A new mutation (Ile 436 Lys) was found in a cluster of patients in northeastern Italy. The mutation was present in five patients at the homozygote level and in one patient as a compound heterozygote with an already known mutation namely Glu 117 stop. All these patients showed a mild bleeding tendency mainly associated with deliveries or surgery. The first two patients were two sisters, and their parents were consanguineous. The third patient was the only homozygote in the family, and parents apparently were not consanguineous.

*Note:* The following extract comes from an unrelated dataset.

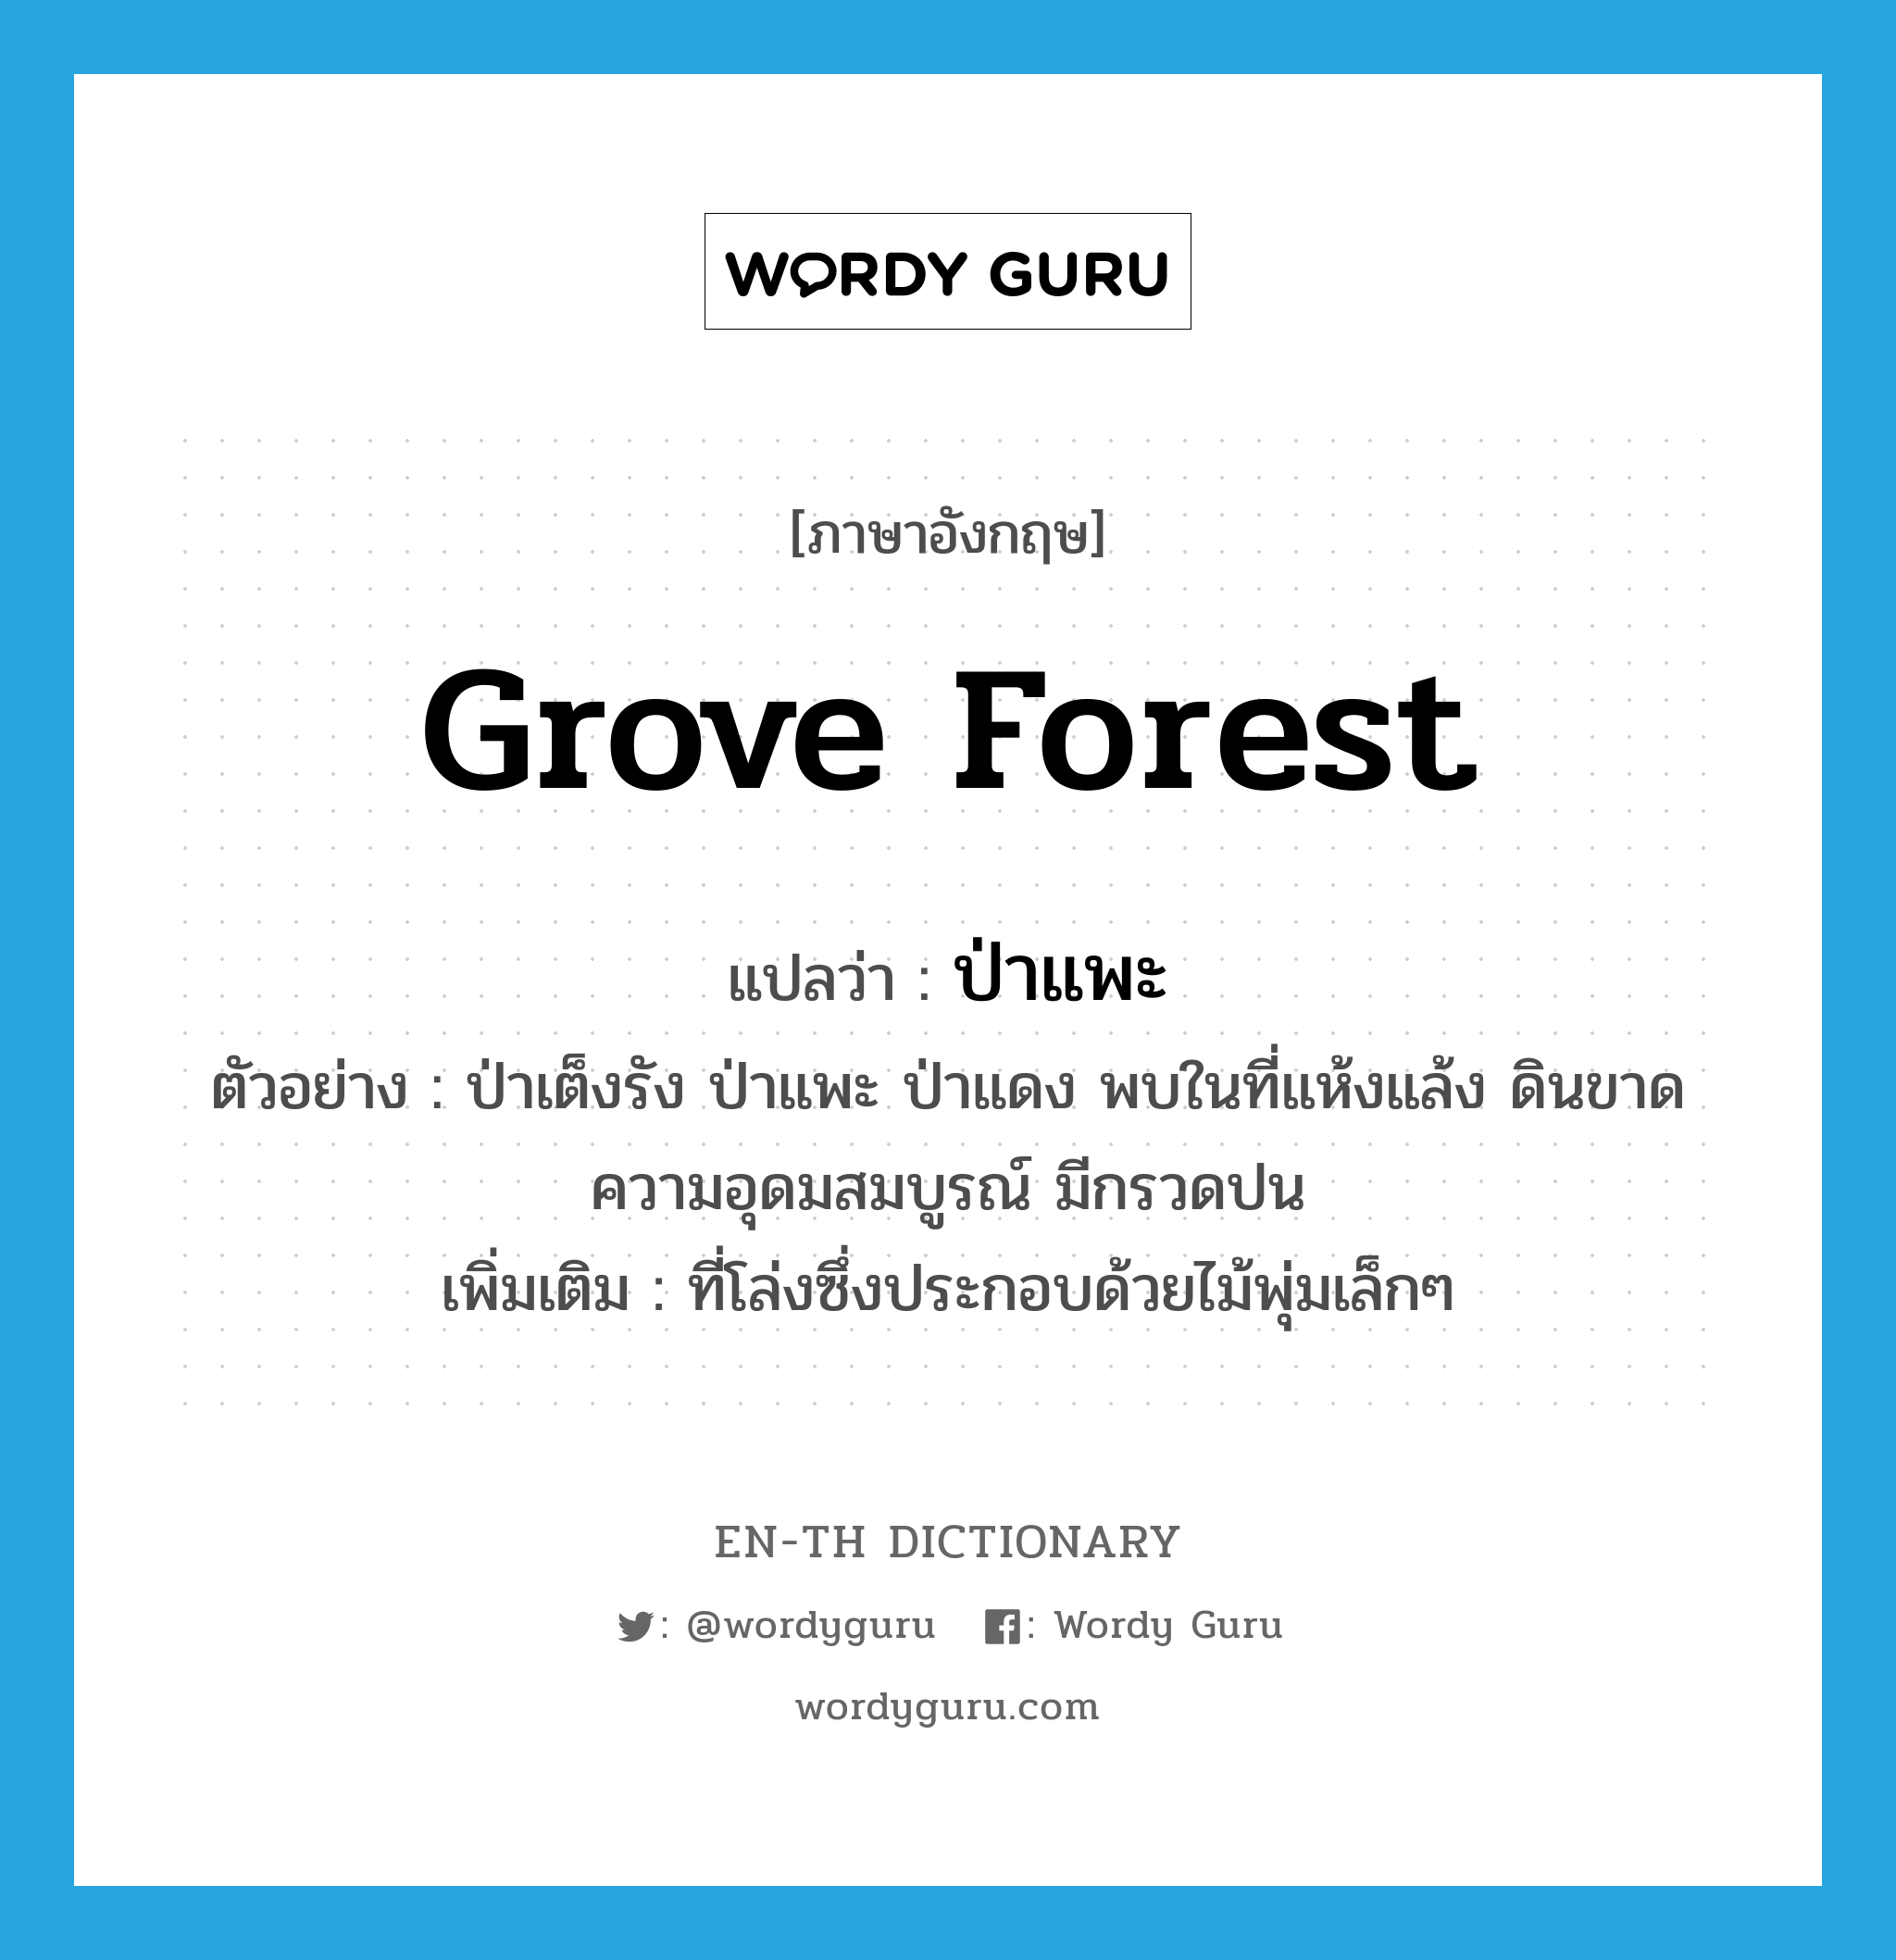 grove forest แปลว่า?, คำศัพท์ภาษาอังกฤษ grove forest แปลว่า ป่าแพะ ประเภท N ตัวอย่าง ป่าเต็งรัง ป่าแพะ ป่าแดง พบในที่แห้งแล้ง ดินขาดความอุดมสมบูรณ์ มีกรวดปน เพิ่มเติม ที่โล่งซึ่งประกอบด้วยไม้พุ่มเล็กๆ หมวด N

The fourth and fifth patients were a brother and a sister, and in this case too, parents were not consanguineous. The sixth patient, a compound heterozygote, negated also the existence of consanguinity between his parents. There were also seven heterozygotes among the family members of the patients homozygous for this new mutation (Ile 436 Lys). Finally, there were two heterozygotes for the Glu 117 stop mutation in the family of the sixth patient. The heterozygotes, regardless of the mutation, were asymptomatic. The Ile436Lys mutation is characterized by low factor XI activity and antigen, namely is a cross-reaction material negative form. Molecular modeling indicates that the Ile436Lys mutation causes a large conformational change within the 432442 loop. No relation could be traced among the different families; however, all their ancestors were autochthonous of the same two small towns. Furthermore, no Jewish ancestry could be found. The close geographical area in which all these patients were found and the absence of the same mutation in the general population of the area strongly suggests a founder effect and that the mutation is responsible for the defect. The compound heterozygosis with the Glu 117 stop mutation, common among Jews, was not surprising because of the past strict ties of the Republic of Venice with the Middle East.